Sabía que ustedes querían una respuesta

y las hermanas notaban su silencio.

La brisa soplaba fuertemente,

pero ni el bramido de las olas,

ni el rugido del trueno lejano,

quebrantaban el silencio de aquel grupo frente a la hoguera.

La más joven de las discípulas,

llena de la curiosidad y la simpleza

que sus años juveniles le prestaban,

rompió aquel silencio

y formuló la pregunta que nadie quería hacer.

¿Por qué este silencio Maestro?

¿Qué ocurre que esta noche ninguna voz se alza pidiendo Luz?

El más joven de ustedes, ya incapaz de mantener su silencio,

relató los hechos de aquel día.

Las mujeres se maravillaron profundamente,

agradecieron al Padre el que estuviéramos seguros

y juntos aquella noche.

Pero no era suficiente y comenzaron a preguntar.

Estaban llenos de dudas y algo enfadados,

aunque ninguno quería reconocerlo.

Te levantaste mi buen Israel y sin mirarme a los ojos,

con respeto y frialdad preguntaste:

¿Por qué cuando estábamos a punto de morir en la tormenta

y la barca ya casi no resistía,

tú no hiciste nada para ayudarnos,

pues sabemos que puedes hacerlo,

pues te hemos visto hacerlo en otras situaciones,

pero después de que el peligro había pasado,

trajiste de regreso las redes?

¿Era acaso más importante la pesca de este día,

que el peligro para nuestras vidas?

Diecinueve miradas se fijaron en mí, y yo sonreí.

¿Por qué no hablaron antes?

¿Por qué pasar todo este día de dudas,

antes de pedir una respuesta?

Queridos hermanos:

Una vez un hombre muy rico,

arrepentido de haber acumulado tal cantidad de riquezas,

decidió comenzar a ayudar a todo aquel que lo necesitara

y para esto montó a caballo, salió a recorrer la ciudad

y donde veía a alguien necesitado

o de apariencia pobre o débil, se detenía

y le entregaba una generosa suma para aliviar sus males.

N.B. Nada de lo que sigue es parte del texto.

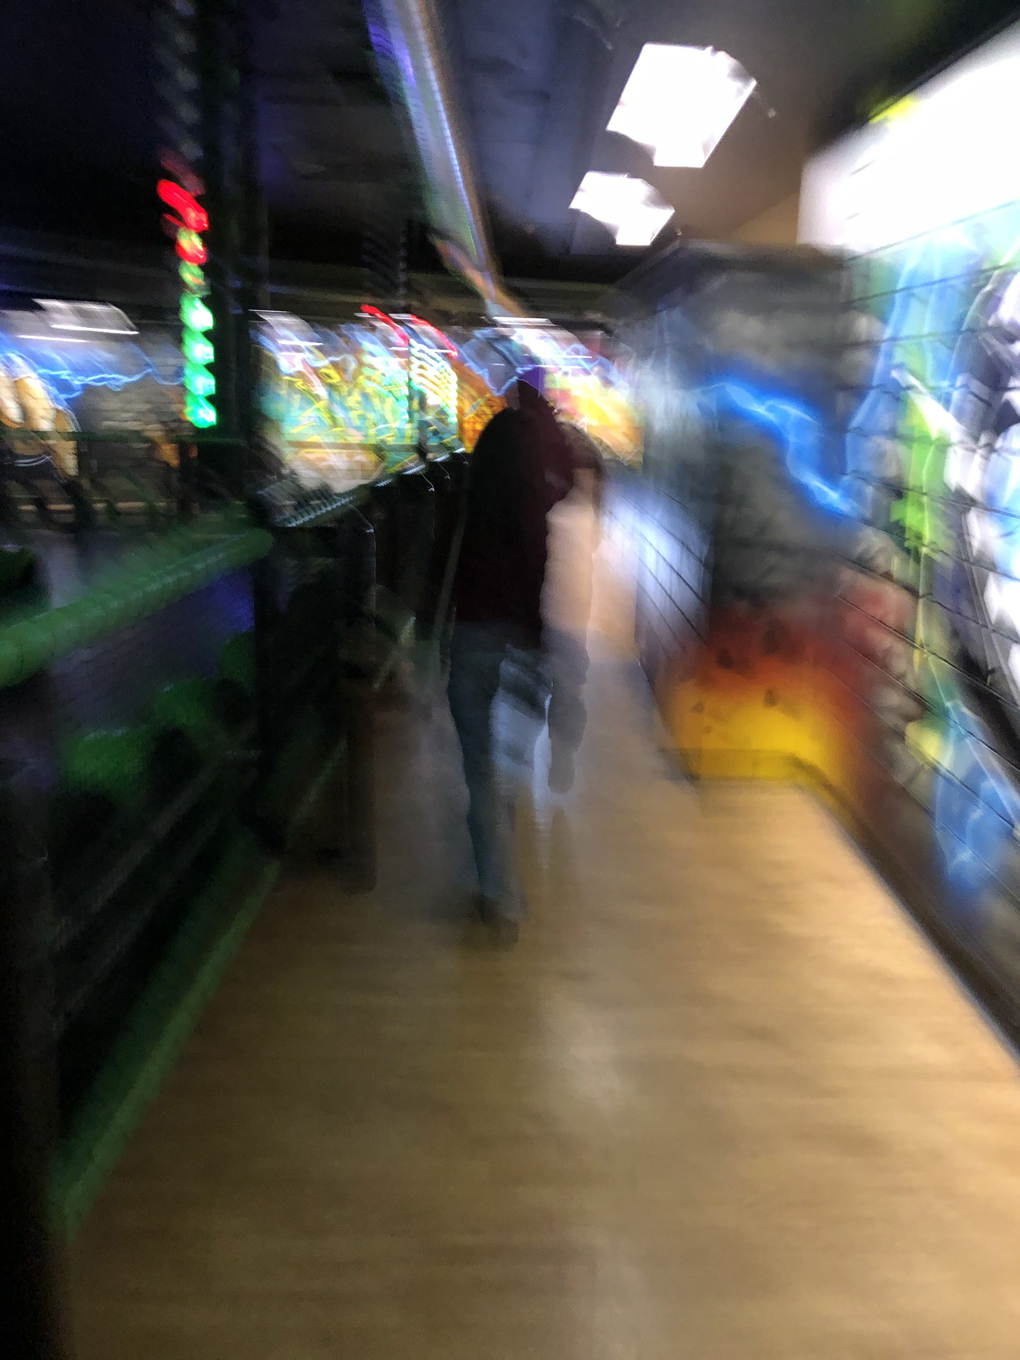 A blurry photo of the inside of a kids' play centre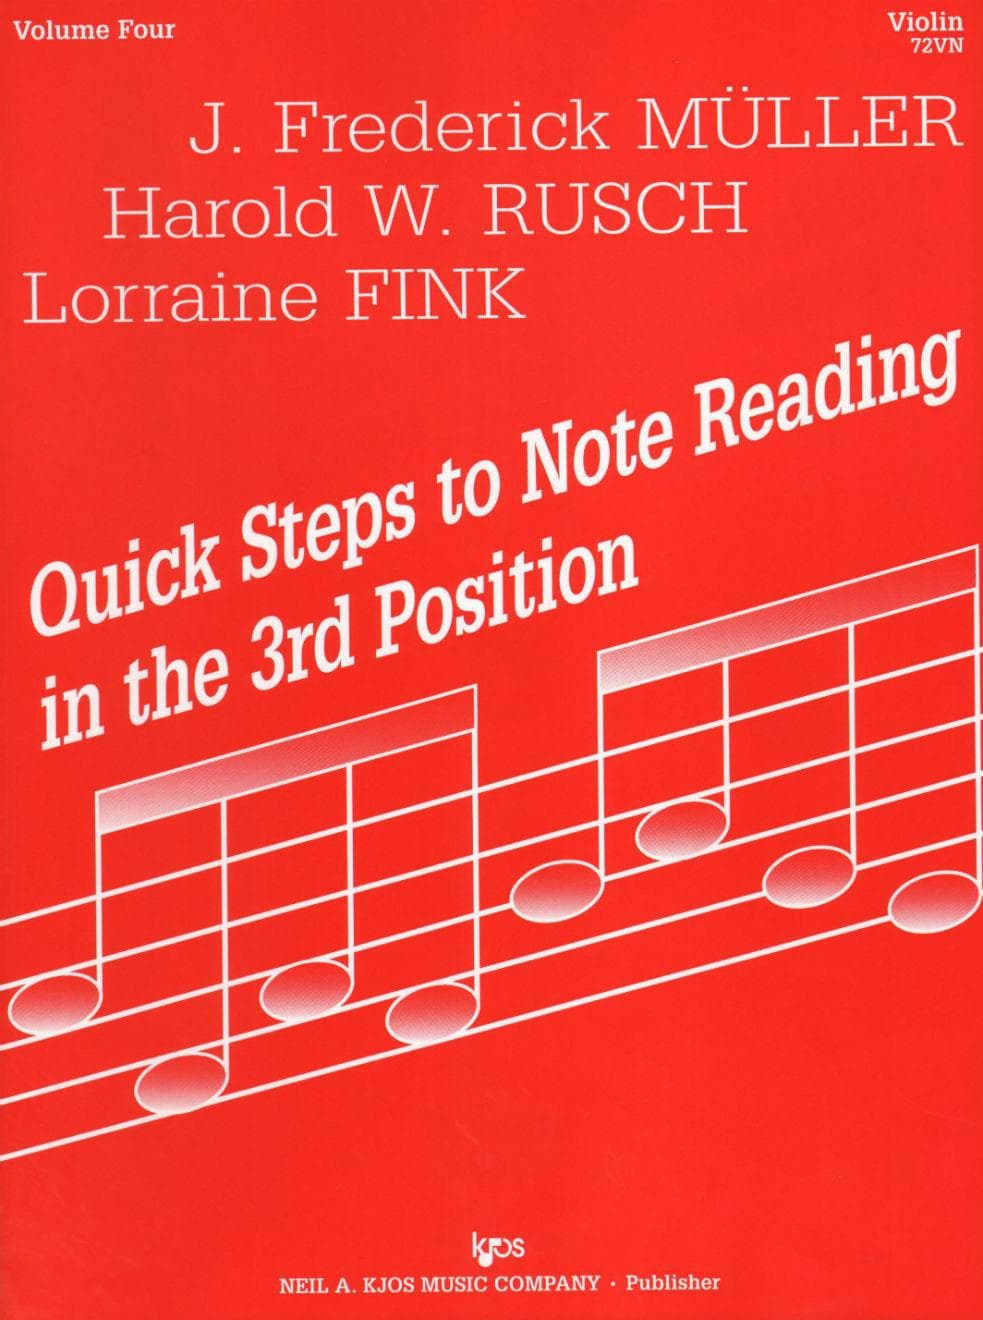 Fink/Müller/Rusch - Quick Steps To Note Reading, Book 4 - Violin - Neil A Kjos Music Co

Esto se repitió tantos días, que al cabo de un tiempo

la noticia de su generosidad se extendió a las ciudades cercanas

y los menesterosos, los enfermos y algunos inescrupulosos

se acercaban pobremente vestidos

para que el buen hombre los auxiliara.

Era tal la necesidad de dar ayuda del hombre,

que pronto comenzó a aventurarse por parajes cada vez más alejados

e inseguros en busca de gente a quien ayudar.

Y en una de estas salidas,

un grupo de bandidos encabezados por uno de aquellos pobres

que él había auxiliado,

—y que con aquel dinero—

había comprado armas para crear un grupo de ladrones,

le alcanzó y derribándolo de un golpe le dio muerte,

llevándose el baúl de las limosnas con él.

Luego de la muerte del buen hombre,

los pobres que ya no recibían la ayuda

se sintieron muy desgraciados,

pues se habían acostumbrado a vivir de aquella ayuda

y muchos de ellos se habían convertido

en holgazanes dispendiosos,

que sólo se levantaban de sus lechos para recibir la limosna.

Ya no querían los pobres hacer oficios

que las personas les encargaban por algunas monedas.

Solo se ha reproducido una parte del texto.